At least, the final one I know about. There was an error in the memory
cleanup code in the module, code that gets executed when the daemon closes
the file, or when the module is unloaded. Anyway, it's fixed now.
-
Ash figured out my compiler problem. Hurray for Ash! It was an order of
library include sort of thing.
-
I'm running a test script right now... Just a bit of a trial run.
We'll see how it ended up in the morning.
April 7, 2003
-
Today I started writing scripts to do testing in the lab. I also installed
vanilla 2.4.18 kernels on two of the machines in there, so that I can use
them with the auditmodule. I am currently fighting with MySQL, trying to
get it installed on one of them. I am very angry with MySQL; I keep
getting linker errors when I try to compile my programs. I think I am
going to give up for tonight and make Ash figure it out tomorrow.
-
I ran some preliminary benchmarking tests on the IBM thinkpad that I've
been using all term to test the front-end code.
Check out the results. I believe that
the network-enabled results are excessively slow due to a flaky network
card in the ThinkPad. We'll find out for sure when I do the tests in the
lab.
-
I've fixed the problem with the OOM killer. That was just me being dumb.

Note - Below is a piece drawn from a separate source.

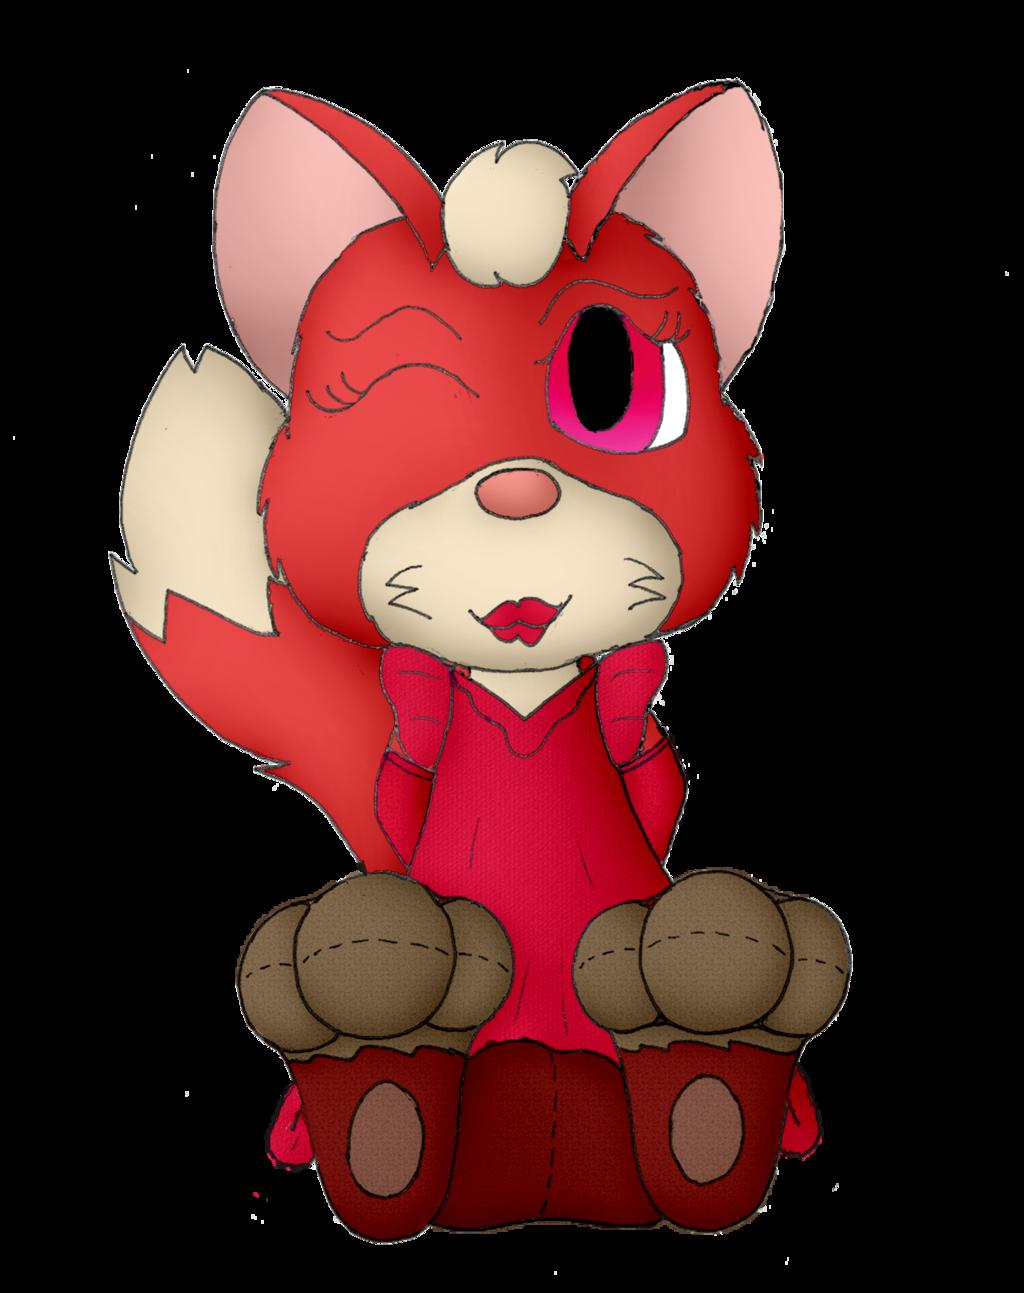 Foxy Tulip Shows Off Her Fancy Garments

I was allocating huge chunks of memory and then never freeing them.
I am so smart. S-M-R-T.
April 3, 2003
-
Today I fixed a bug that had been hiding in the auditmodule code, confounding me for
two days. I didn't discover it until I tried to start running lmbench. It seems that when
a whole lot of concurrent events are going on, stuff can get screwed up. The size of the
event that gets stuck in the queue to be read by the userspace daemon is wrong. After much
head-scratching (two days worth, to be exact), I disocvered that it was because there were
some variables in the "audit_event" routine (which gets called by every syscall
hijack routine) that were declared as
static, and were being manipulated
outside of the lockdown. Helloooo, race condition! So that's fixed.
-
There are two other issues (also known as "bugs"):
-
The audit daemon sometimes gets killed by the OOM killer, when memory is low. This
should not be hard to fix (just tell it to ignore the "SIGKILL" signal).
-
lmbench's "sig_lat" program does not seem to work properly. For some reason, it
repeatedly receives the "SIGSEGV" signal (presumably from the kernel), on a line of
code in which it is trying to access a memory-mapped address. Why? I have no idea.
We don't deal with memory-mapping at all. This implies to me that some code, somewhere
in my module, is munging a memory address that it should not be munging. Ugh.
The sig_lat program works perfectly well when my module isn't loaded, so I'm pretty
sure it's my problem.
Update: lmbench now seems to be working perfectly. I believe that the segfault
weirdness was a result of the fact that things get screwed up when you unload the
kernel module (there's no way around this - the module unload race condition is a
fact of life). But it's all good now. Hurray! Time for testing scripts soon!
-
My brain-dump to Ash has been completed, pretty much. He now knows basically how this system
works. He had some good ideas for me to use, especially in regard to database design. He has
also introduced me to his testing scripts, which I will be adapting when I start writing my own.